Haarspray-Werbung: Schön für die Scheidung
Wer sich um seine Haare kümmert, muss nicht mehr auf einen Mann als Belohnung setzen. Das zeigt die Neuauflage einer ikonischen Haarspray-Werbung.
„Hamburg, 8.30 Uhr. Wieder mal Regen. Perfekter Halt fürs Haar …“ Und so weiter. Besagtes Spray verklebte das Haupt damals derartig effektiv, dass Frauen endlich vielfliegend die Welt erobern konnten.
Heute hilft die gleiche Marke bei einem anderen Problem. In einem recht neuen Werbespot bringt eine Frau ihr Cabrio vor einem großen Gebäude zum Stehen, sprüht sich den Schopf ein, stöckelt die Treppe hinauf zu einer Anwalts-Sister im Businesssuit, entledigt sich dabei ihres Eherings, und wirft dem designierten Ex einen triumphierenden Blick zu: Mit diesem Haarspray kann man sich scheiden lassen. Haare gut, Mann weg, alles gut.
Die dekorative Kosmetik, deren Narrativ im Werbespot bis dahin stets mit der heteronormativen Zweierbeziehung abschloss, ist somit auf einem neuen Level. Das Happy End der Dramaturgie lockt erstmals nicht mehr mit einem Mann als Belohnung für das (dank des Produkts) gute Aussehen.

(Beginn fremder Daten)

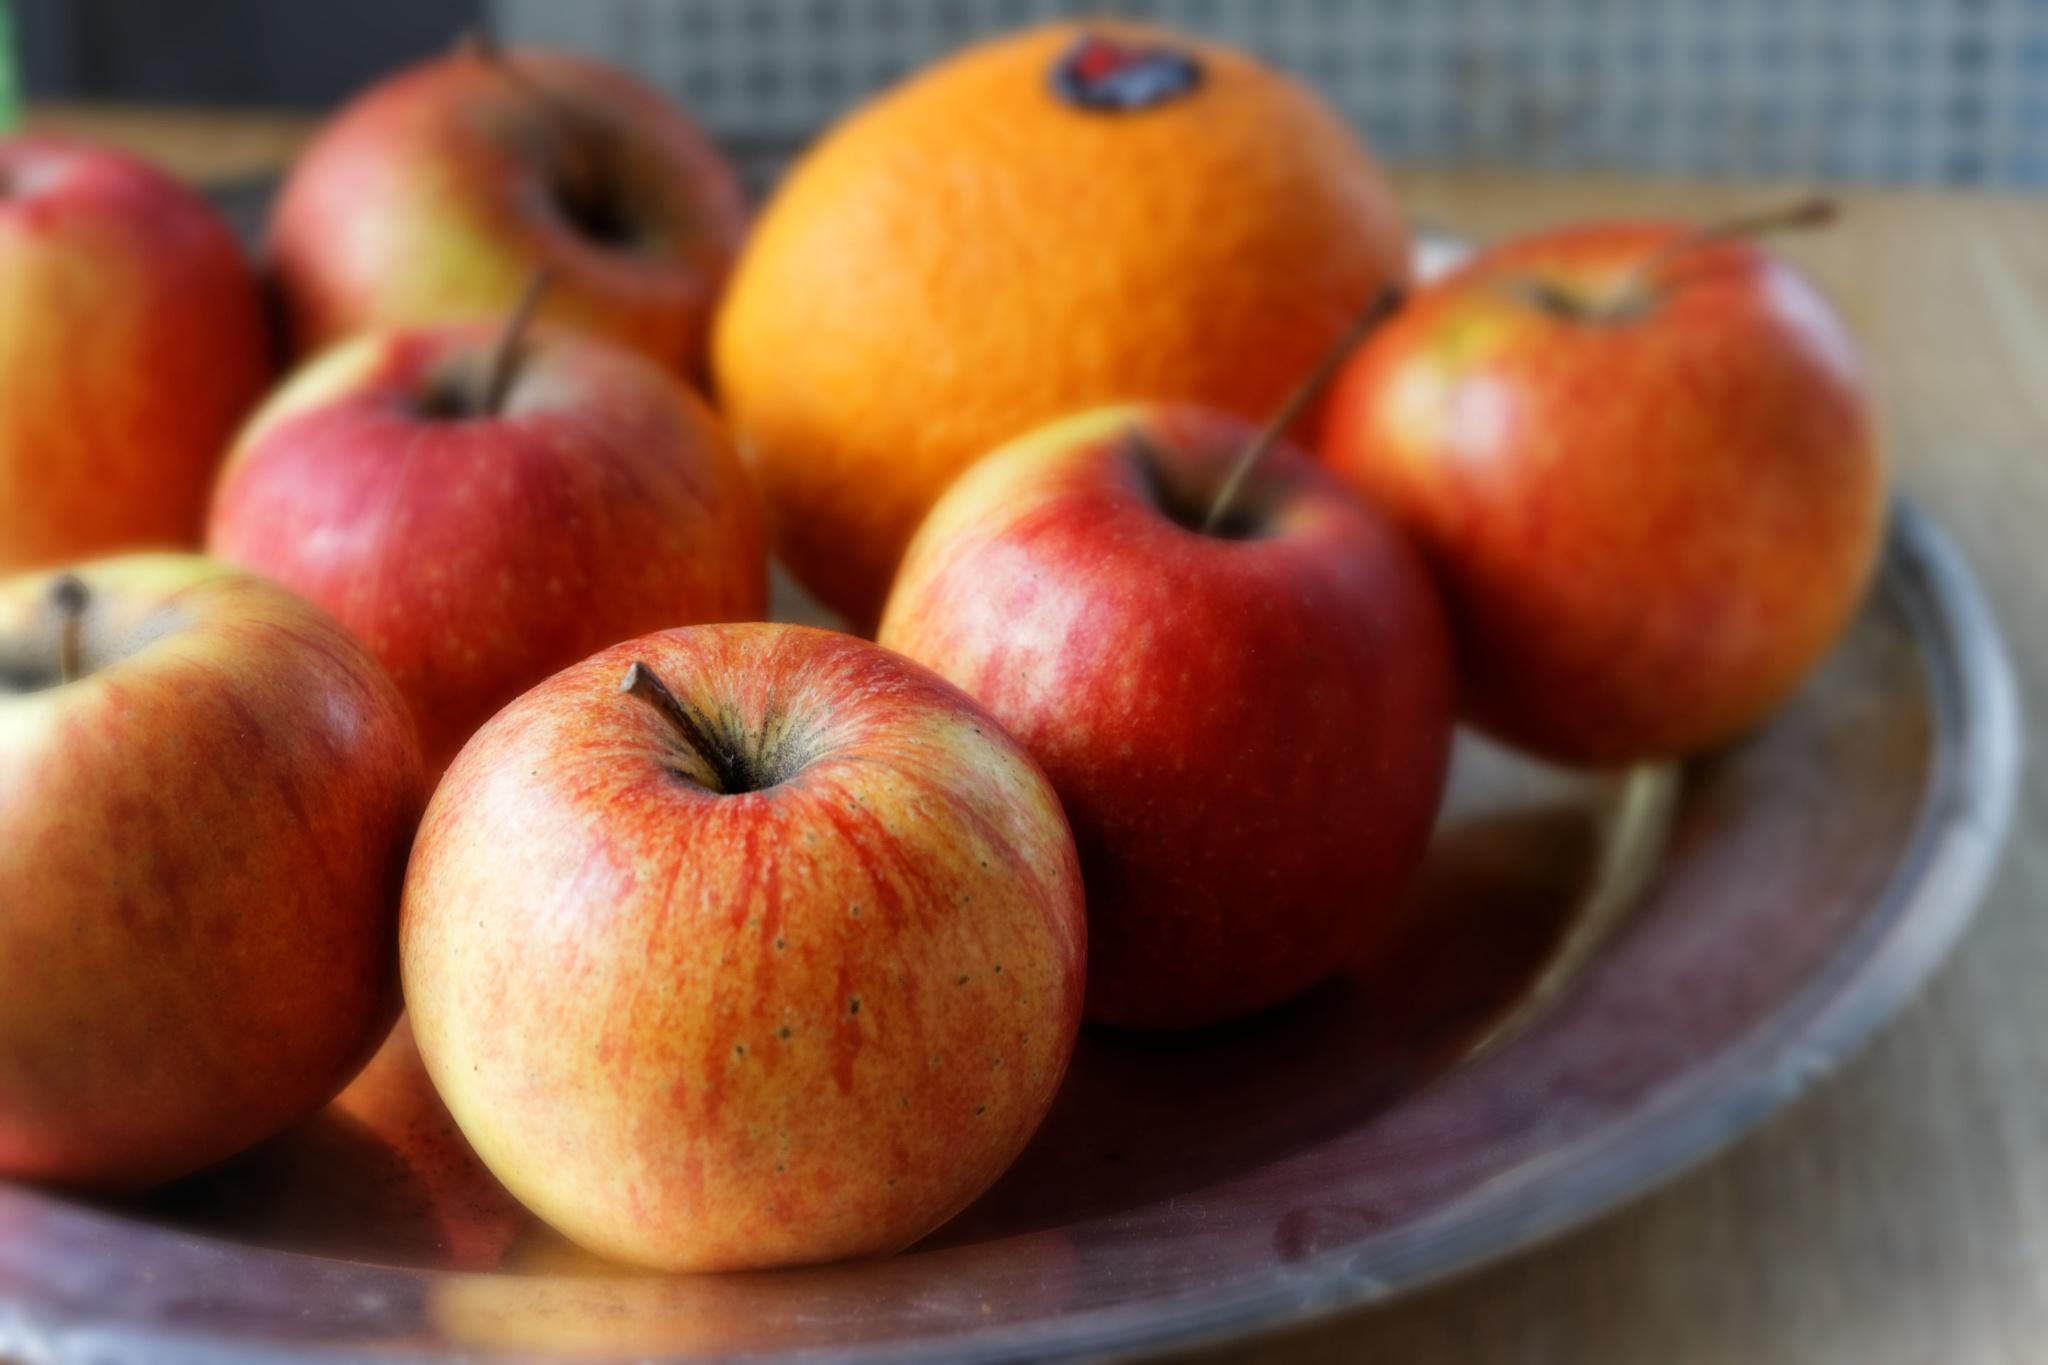 Fruits by johan.stoltwestling
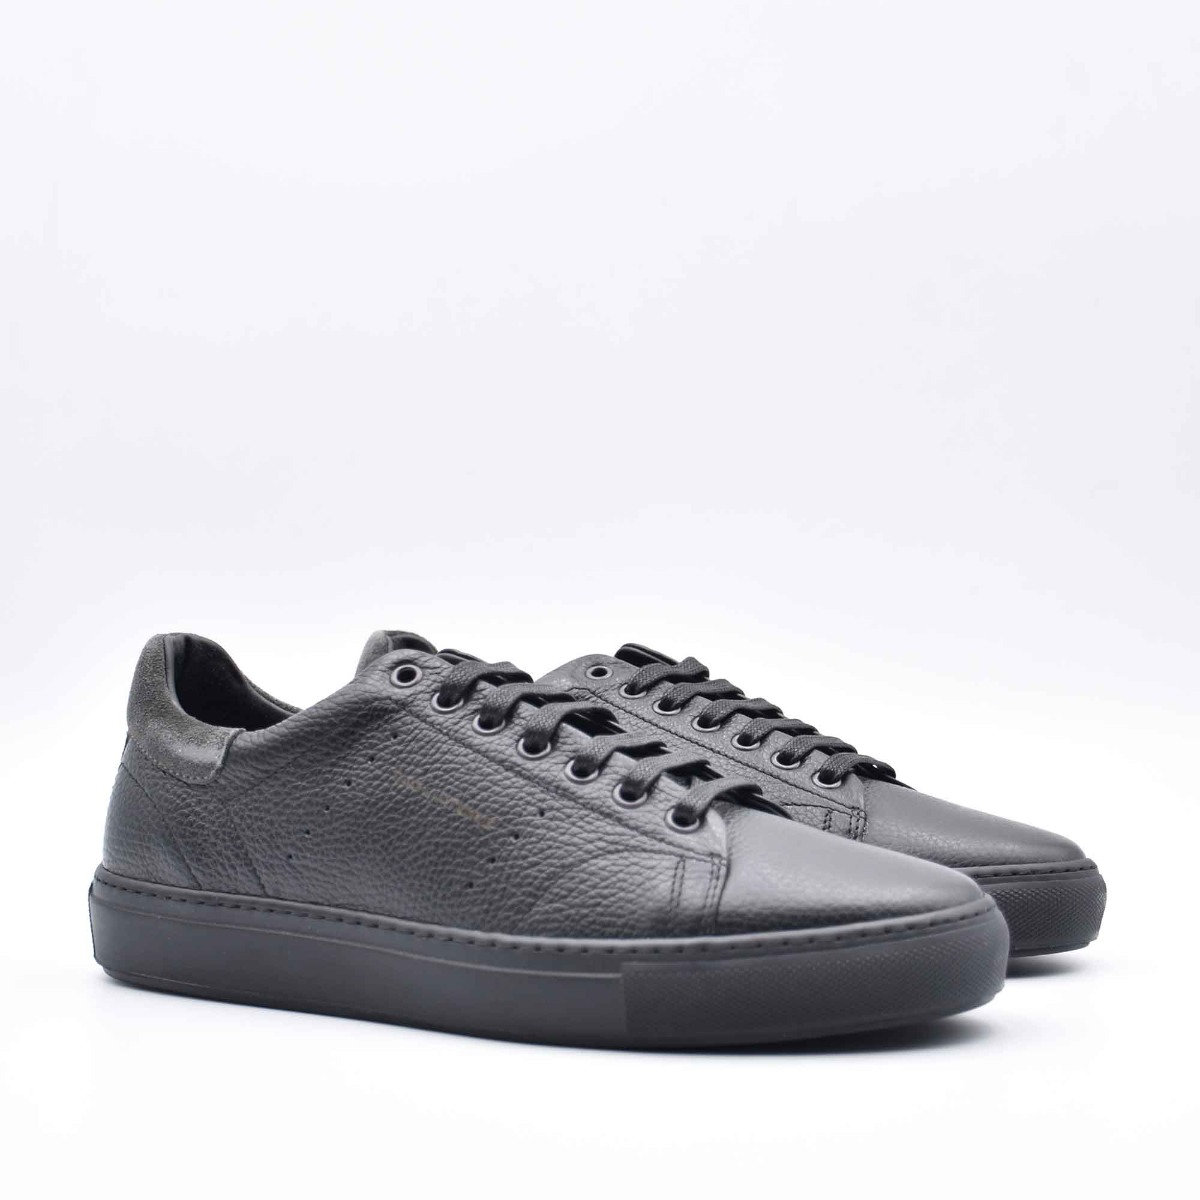 Sneakers pelle martellata- Nero

Sondern mit der Trennung von jenem Mann, der einem in sämtlichen Spots zuvor noch brav hinterhergeguckt hatte.
Wenn Werbung auch nur im Entferntesten die Gesellschaft abbildet, könnte das ein Zeichen für einen Wandel sein. Es gibt zwar schon länger Kosmetikspots, in denen Freundinnen sich (partysausend) selbst genügen, eine große Marke wirbt zudem seit Jahrzehnten mit dem Claim „Weil ich es mir wert bin“ und impliziert damit die Unabhängigkeit vom Urteil anderer.
Doch die Trennung als solche, die mithilfe von Anwält:innen vollzogen wird, war noch nie Teil des kosmetischen Heilsversprechens. „Schöner“-machende Produkte stellten stets die glückliche Liebe, nicht den glücklichen Single in Aussicht: Glück bedeutete (irreale) Beziehung. Einzig in Weingummi-Spots knabberte schon mal ein Häschen tröstend das Foto des gemeinen Exfreunds an, und liebeskummerige Freundinnen schenkten sich Schokolade.
Dass seit einer Weile eine „Monatshygiene“-Marke auf schon lange geäußerte Kritik eingegangen ist, und in Werbespots statt blauer „Ersatzflüssigkeit“ rotes Zeug in die Binde gießt, um zu beweisen, wie dicht sie hält, passt zum Ringen nach mehr Realität. (Nur adelige Frauen finden das eventuell nicht gerecht, weil sie sich mit der blauen Tinktur gut repräsentiert gefühlt hatten…) Reale Körperflüssigkeitsdarstellungen auch in Babywindelspots Einzug halten zu lassen, steht jedenfalls noch an.